HSE says material breaches found in over quarter of inspections since introduction of FFI
15 March 2013
The Health & Safety Executive’s head of field operations, David Ashton, said that between a quarter and a third of inspections carried out by the HSE since its cost-recovery scheme came into force in October last year found a material breach of health and safety law. This in turn, resulted in a fee for intervention (FFI) on the duty-holders involved.
This was revealed in a presentation on the new scheme to delegates at the Institute of Safety and Health (IOSH) Conference on 26 February, according to SHP Online. The first run of invoices, which was initiated last month, has so far seen 1,400 bills sent out to errant duty-holders, meaning, said Ashton, “the money is really coming in”.
But he was keen to emphasise that FFI is not only – or even mainly – about the money. It has, he said, myriad other advantages for the improvement of health and safety management and compliance.
He explained: “The 35-per-cent cut to our budget announced in 2010 will take us up to the General Election in 2014, so resources are a significant element of the cost-recovery scheme. If we ask, what is best for our customers, the answer is: an adequately resourced regulator. Thanks to FFI, we should be able to start recruiting new inspectors soon.”

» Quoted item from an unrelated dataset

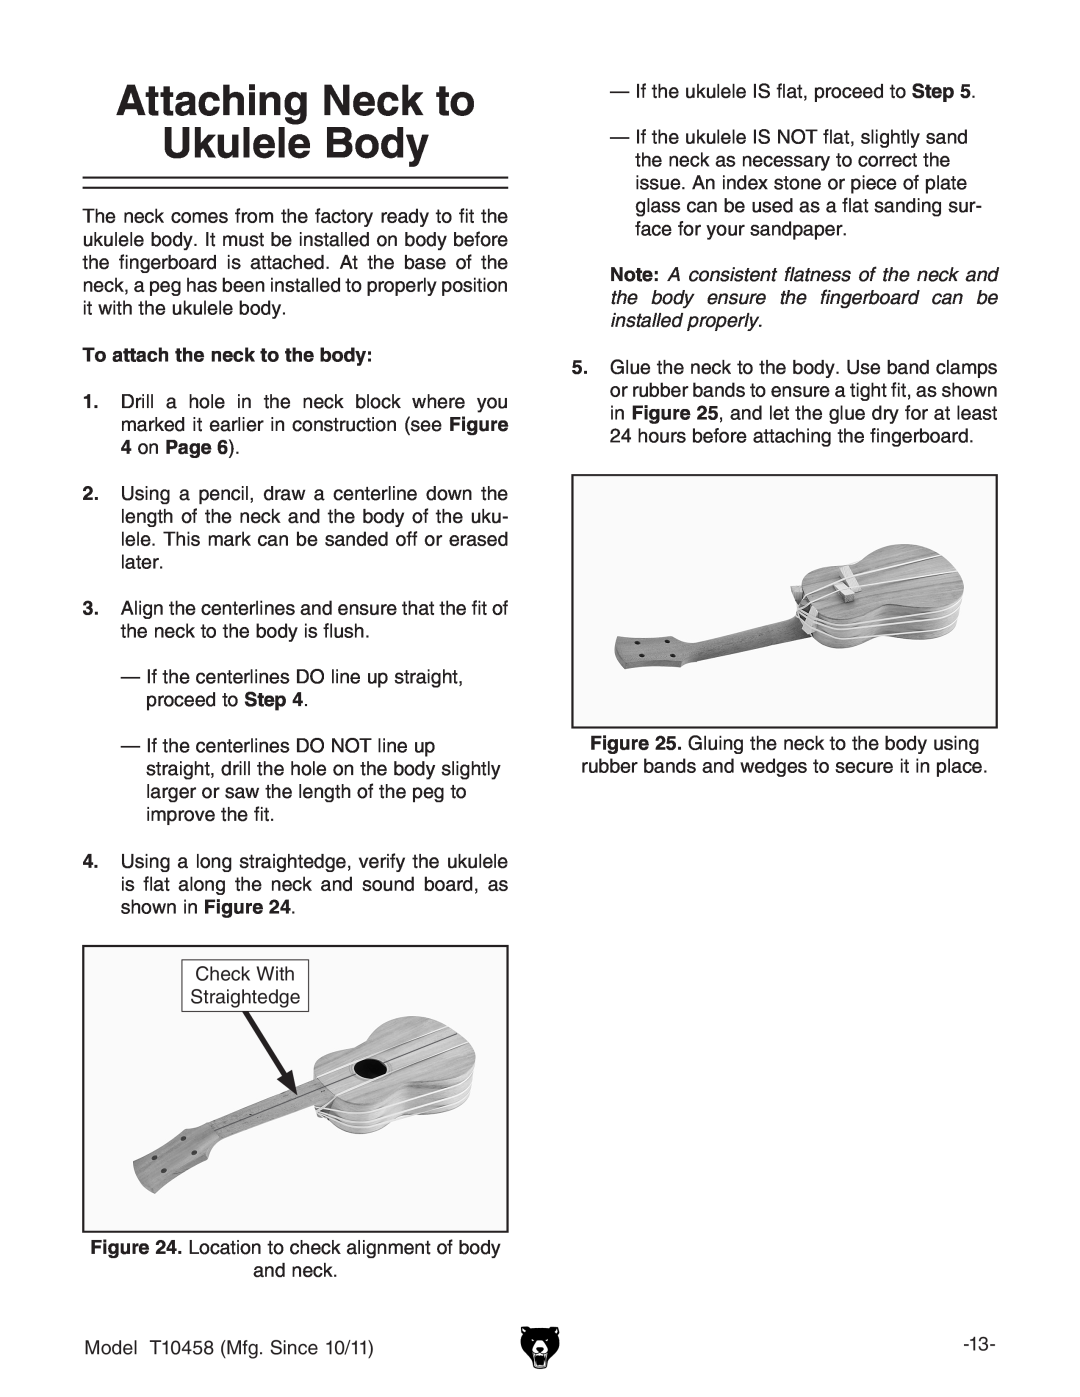 Grizzly T10458 instruction manual Attaching Neck to Ukulele Body, To attach the neck to the body

Invoices are sent after two months, and the duty-holder has 30 days to pay. There is a formal disputes and queries mechanism, though Ashton said that of the invoices sent so far, the number of appeals has been “in single figures”.
The HSE Board heard at the end of January that after the first two months of operation, an approximate breakdown of invoices showed that 10% of invoices were for values greater than £1,000 and 70% for less than £500.